Background technology
At present for ray image, people have developed many defect extraction algorithms, this type of algorithm is directly image to be carried out to rim detection mostly, because the low contrast characteristic of ray image itself makes this type of algorithm all comparatively complicated, and more consuming time, more trouble is that this type of algorithm allows to extract defect but cannot provide result to the type of defect, grade, and this is to product, whether qualified judgement is even more important.
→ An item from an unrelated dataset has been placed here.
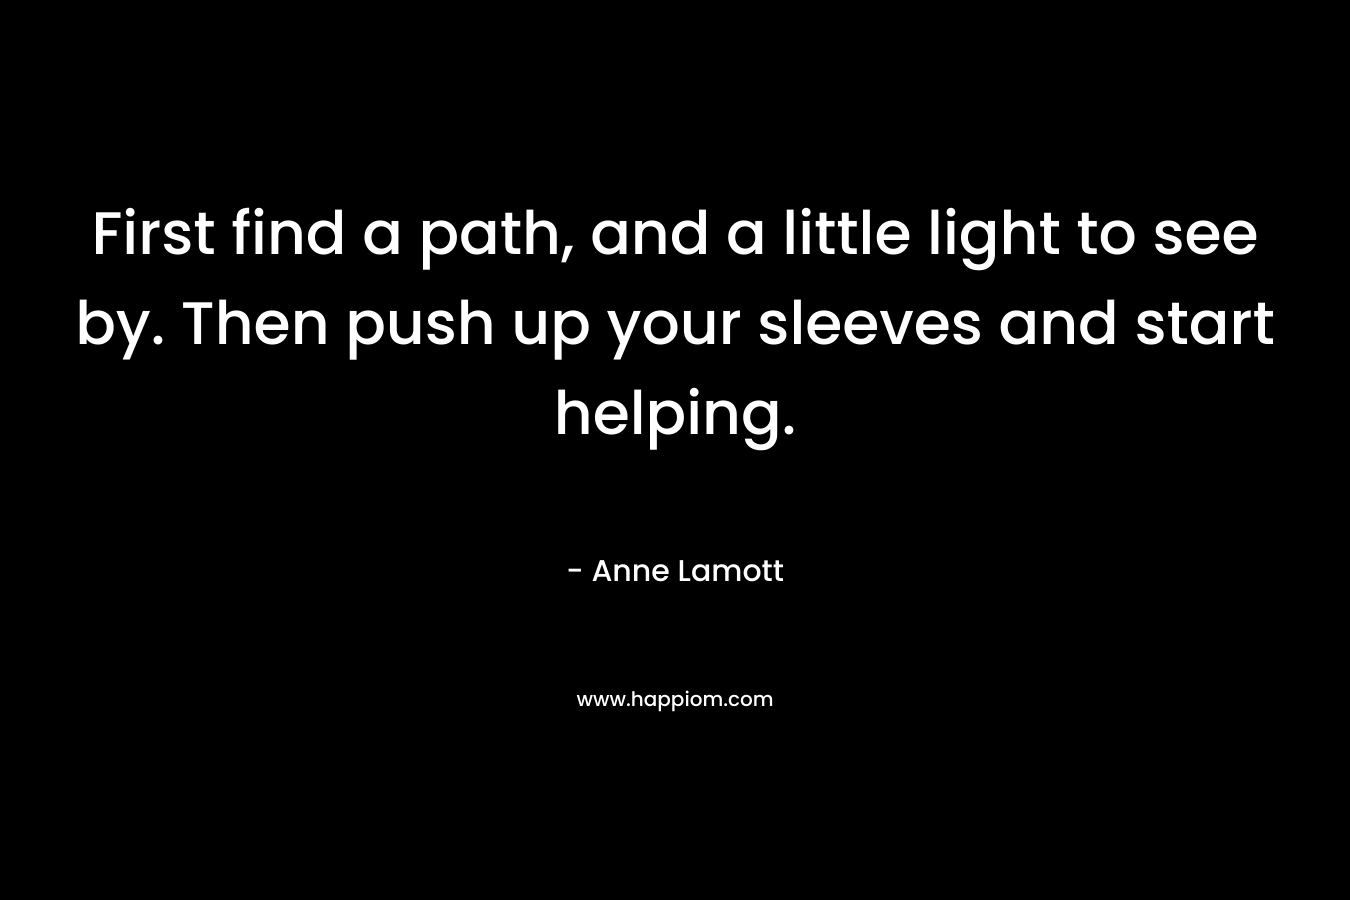 First find a path, and a little light to see by. Then push up your sleeves and start helping.

Image texture has reflected the intensity profile rule of picture element, and the surface information that has comprised image and the relation of surrounding environment thereof have been described the random and macroscopical well-regulated feature of image local, can better take into account macrostructure and the micromechanism of image.Analyzing image texture all has a wide range of applications in many fields such as Medical Image Processing, satellite remote sensing, industrial monitoring and computer visions.Various images in remote sensing photo, major part presents texture type, and Plain, low mound and mountain range have the fluctuating of different shapes and height, are reflected in the texture that presents different roughness and direction on image; Aspect tectonic structure, dissimilar rock stratum has different beddings, trend and granularity, presents the texture of different distributions, direction, grain size and fineness degree on image; Aspect soil utilizes, man-made features, as road, settlement place etc. have the comparatively texture of rule, natural feature on a map presents texture irregular, stochastic distribution; In historical relic recovery system, the cultural relic fragments of Different Individual has different shapes and texture, by form fit and texture analysis, contributes to realize historical relic and restores; In micro-image, the nucleus structural change message reflection of cell image is the variation of texture on image; In the microstructure quantitative test of material science, the micro image of material much presents texture type; In pathological diagnosis, the texture tool of the organ surface of the texture on normal organ surface and generation pathology is very different, and can realize thus pathological diagnosis.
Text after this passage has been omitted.